Explain the concept of a skewed distribution.

A data set is said to be skewed if one tail of the distribution has more extreme observations than the other tail. -If the data is skewed to the right, then typically the mean is greater than the median which is greater than the mode. Rightward skewness is a result of high scores to the right. AKA positive skewness. -If the data is skewed to the left, then typically the mean is less than the median which is less than the mode. Mean is also less than mode. Leftward skewness is a result of low scores to the left. AKA negative skewness. -If the data is symmetric, then the mean equals the median and is equal to the mode, there is no skewness. Ideal situation.

To what kind of data sets can Chebyshev's rule be applied?

Chebyshev's rule can be applied to any data set, regardless of the shape of the frequency distribution of the data. It does not have to be mound-shaped.

If the standard deviation increases, does this imply that the data are more variable or less variable?

If the standard deviation increases, it implies that the data is more variable.

Explain the difference between class frequency, class relative frequency, and class percentage for a qualitative variable.

Qualitative data are nonnumerical in nature, thus the value of a qualitative variable can only be classified into categories called classes. We can summarize the data numerically in two ways, class frequency and class relative frequency. -Class frequency is the number of observations in the data set that fall into a particular class. -The class relative frequency is the proportion of the the total number of observations falling into each class. Class relative frequency is class frequency divided by the total number of observations in the data set. That is, class relative frequency = class frequency/n. -The class percentage is the class relative frequency multiplied by 100. That is, class percentage = (class relative frequency) x 100.

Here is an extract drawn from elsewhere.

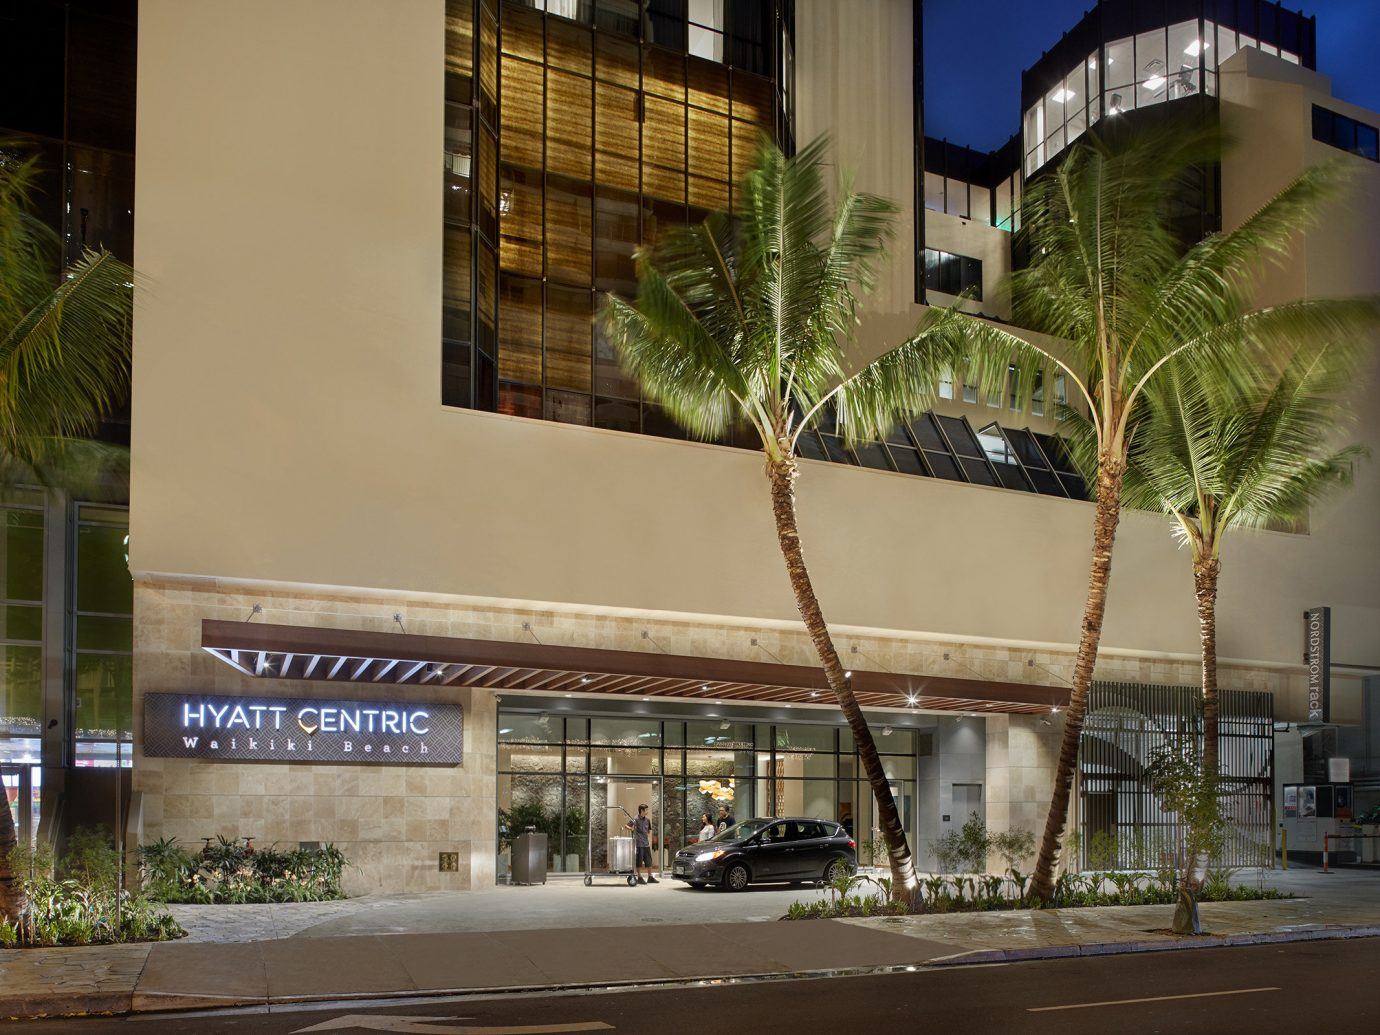 Boutique Hotels outdoor urban area neighbourhood shopping mall Architecture Downtown plaza condominium facade retail

Define statistical thinking.

Statistical thinking involves applying rational thought and the science of statistics to critically assess data and inferences. Fundamental to the thought process is that variation exists in populations of data.

What is Statistics?

Statistics is the science of data, which involves collecting, classifying, summarizing, organizing, analyzing, presenting, and interpreting numerical and categorical information.

Explain the difference between the stem and the leaf in a stem-and-Ieaf display.

The stem is the portion of the measurement to the left of the decimal point while the remaining portion, to the right of the decimal point, is the leaf.

What is the symbol used to represent the sample mean? The population mean?

The symbol used to represent the sample mean is x̄. The symbol used to represent the population mean is the Greek letter μ.

Can the variance of a data set ever be negative? Explain. Can the variance ever be smaller than the standard deviation? Explain.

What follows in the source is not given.